Sunday, February 10, 2013

Right but Foolish, Wrong but Wise?

Or why I stopped thinking of shared beliefs as the most important thing.

I started being involved with secular culture about 6 years ago after reading Dan Dennett & Sam Harris. It had never occurred to me that there was a cohesive worldview that was separate from religion. I was raised an atheist and figured that "we" just didn't have a place to go on holidays; that we just got the day off from school or work and spent time with our friends and families. But I found the idea of secular community very exciting.

While I was meeting and learning about other nontheists I was also listening avidly to On Being (which at the time was called Speaking of Faith). On Being is a fantastically generous and thoughtful interview program about "the big questions at the center of human life." Krista Tippet interviews pretty much anyone with something to say on the subject of big questions. Anyone from Bishops, to Mathematicians, Buddhist Monks to science fiction authors.

And so I was going out for drinks with a collection of self-avowed atheists on Saturdays and listening to engaging interviews with theists on Sundays. And I found things I wasn't expecting.¹

What I found so surprising was that there were atheists, people with whom I agreed on almost all metaphysical claims, who's judgement was all-but completely untrustworthy. And there were people who had life long careers working for Team Zombie Jesus who were profoundly wise people.

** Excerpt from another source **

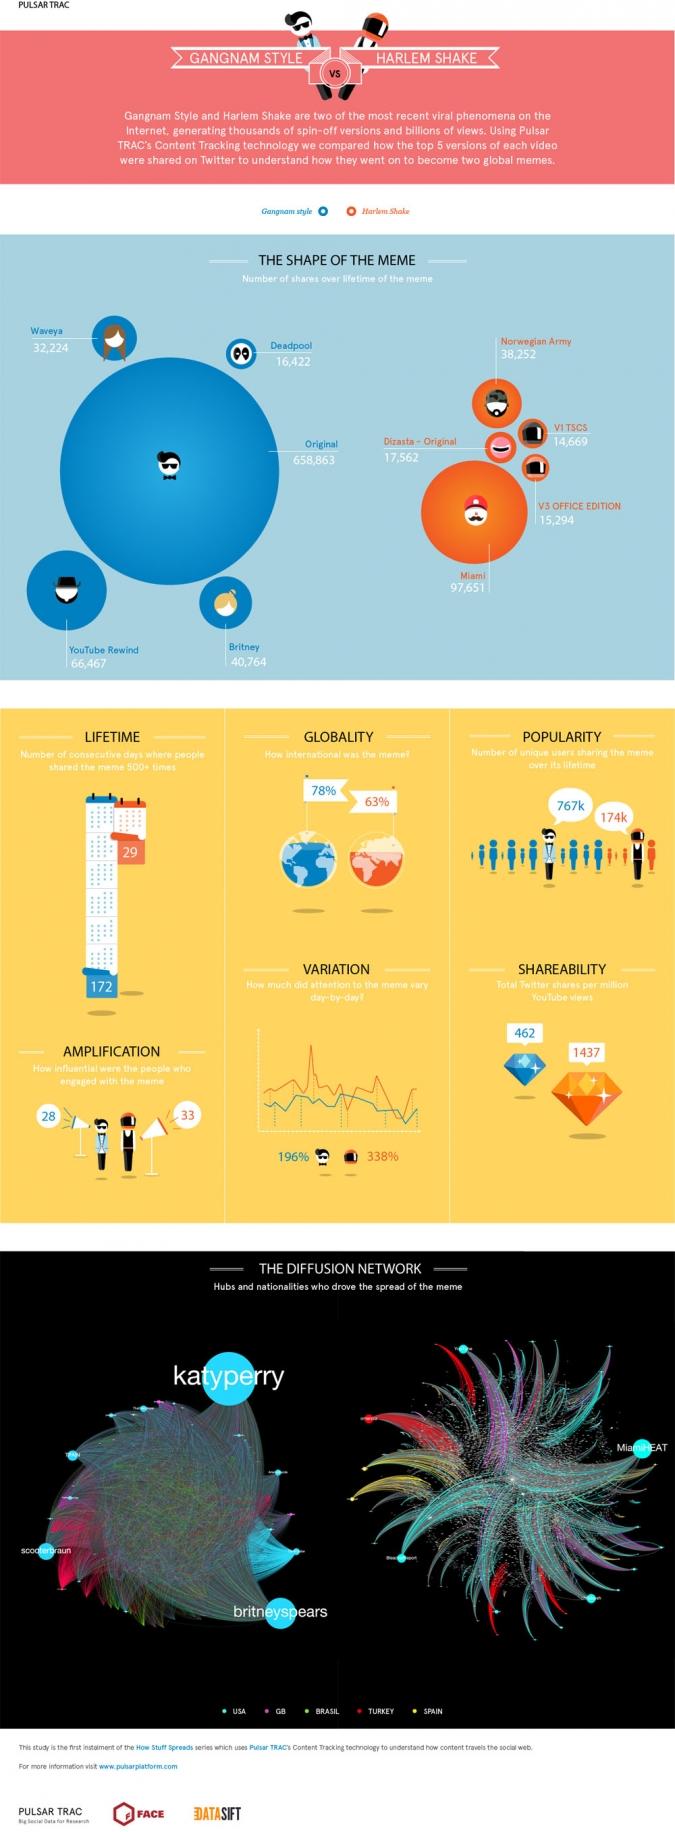 infografik-virale-videos-auf-twitter-gangnam-style-harlem-shake-viral-marketing-effekte

I was not expecting to meet people I agreed with about the nature of the universe who I wouldn't let walk my dog; while listening to interviews of people who's beliefs I find literally laughable who I might let raise my children.

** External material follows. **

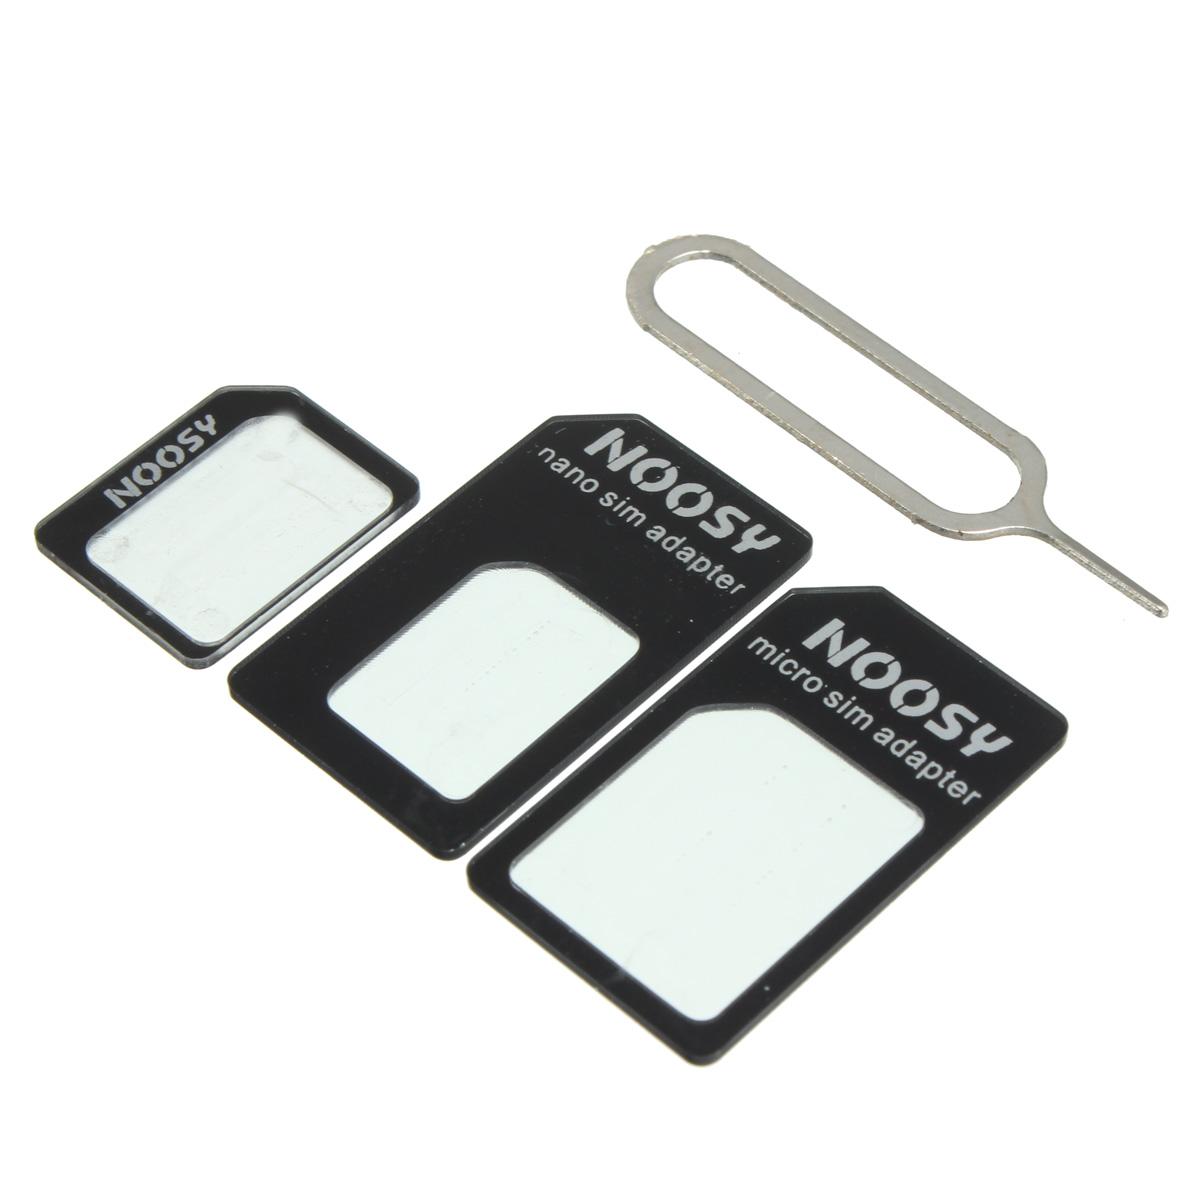 Adapter Sim Card Iphone

That isn't to say that there are not atheists who are great people (I agree with Dan Dennett about basically everything I've ever heard him talk about) or that there aren't theists and theologies that I find downright malignant (the Catholic Church for example). But it is Possible that you could agree with me and be daft, or disagree with me and be wise; even by my own standards.

And this led to some soul searching for me. I realized that if I can disagree on the conclusions but agree on methodology then something very strange is going on. Part of the conclusion is the title of this blog, in order to capture the qualities I find important about other people, I must talk about meta-beliefs.

How do people use their beliefs, how do they come to conclusions? These are more interesting questions to me than what do you believe about the afterlife or what do you think started the universe. If someone believes in the resurrection of Christ but uses that belief to serve their own capacity for human kindness, then that person is kind first and a Christian second. If someone uses some iron age law book as an excuse to attack innocent people on the street, then that person is a violent felon first and a Fundamentalist Christian second. And if a person uses their education in formal logic to call other people stupid then he is a Jerk first and Correct second.

We have been exhorted to look at the content of peoples character before more superficial qualities. And while I think the original exhortation was more straightforwardly the right thing, I do think that it is in our interest to pay attention to how good we are as people and not how skilled we are as Metaphysicians.

¹Let me take a moment here to contextualize what I am about to say. I am about to describe some people based on their labels, I am going to talk about atheists and theists and their qualities. I will be talking about individuals and not whole groups. The point of what I am about to write is to point out that what I observed is possible not that it is universal, or even probable.